Только вчера мне удалось до конца узнать всю историю удивительного возвращения Мимозы. Я услышала её совсем случайно, посреди других разговоров.
Она ушла от нас совсем без денег. Она не сказала об этом ни слова, и мы ничего не знали. Какое-то время спустя нас прошиб панический страх: а что если у неё нет с собой ни гроша? Мы тут же послали ей вслед одного из наших работников, передав с ним деньги на дорогу. Но он задержался в пути и не догнал её.
Первая часть путешествия оказалась нетрудной, потому что её захватил с собой один из наших друзей. Но когда и повозка, и поезд остались позади, Мимозе предстояла долгая дорога пешком, целых пятнадцать миль. На руках она несла маленького, да еще и узелок с кое-какими вещами.

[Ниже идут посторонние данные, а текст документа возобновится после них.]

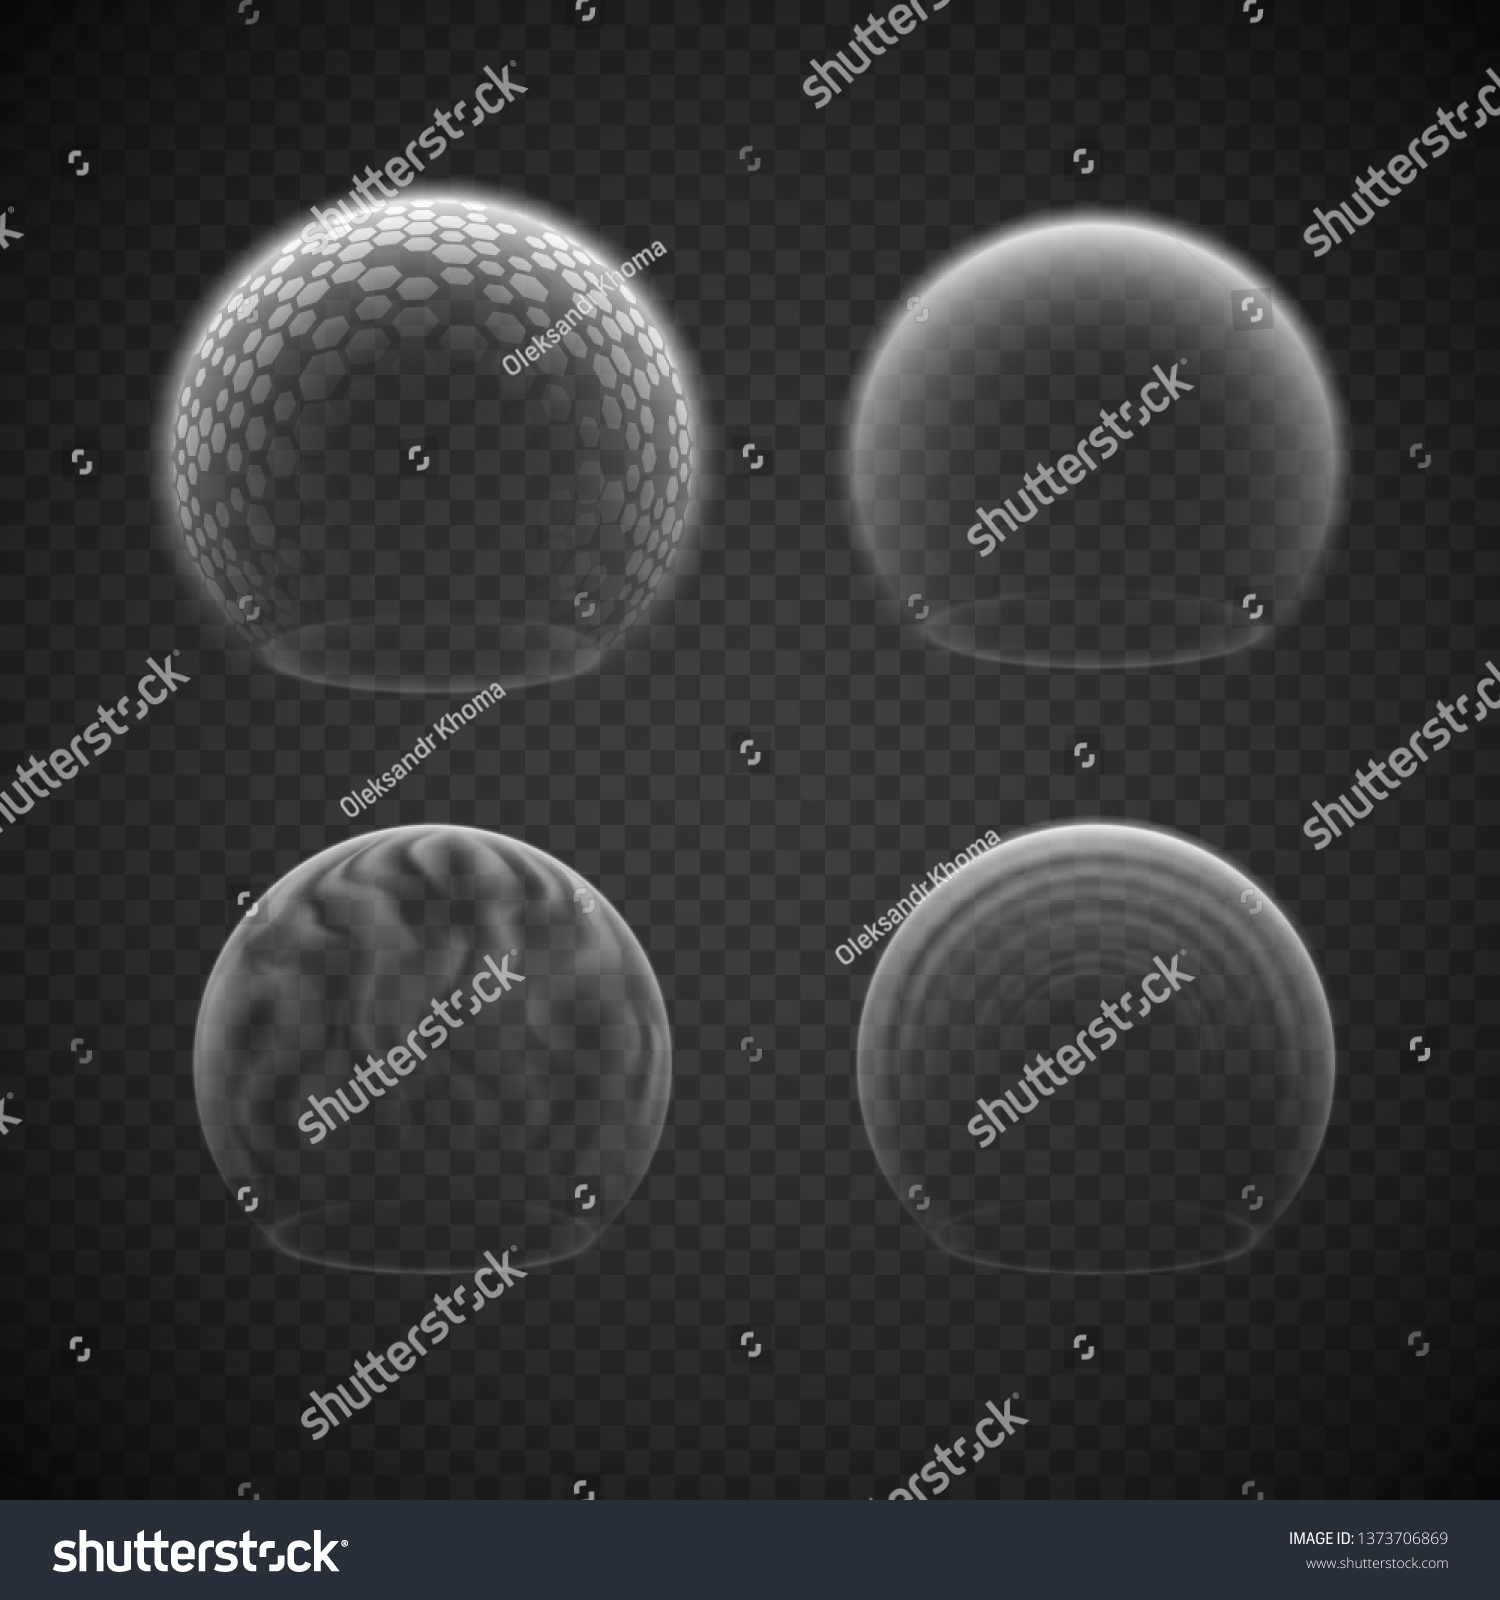 Force field set isolated on transparency grid, various energy or defense shields, deflector or force bubble, science fiction element or metaphor of absolute protection

Внезапно по пути ей стало нехорошо. Она присела на обочине, одна-одинёшенька. Ни одна индианка не захочет оказаться в одиночестве на большой дороге. Но брат, которому она заплатила за то, чтобы он проводил её к нам, ушёл домой ещё неделю назад.
— Отец, — произнесла она, как и прежде взглядывая на небо, — Отец, я так устала. Я потратила все деньги, чтобы привезти мальчиков в Донавур. Мне не на что нанять повозку. Но мне очень нужно попасть домой. Пожалуйста, дай мне силы идти!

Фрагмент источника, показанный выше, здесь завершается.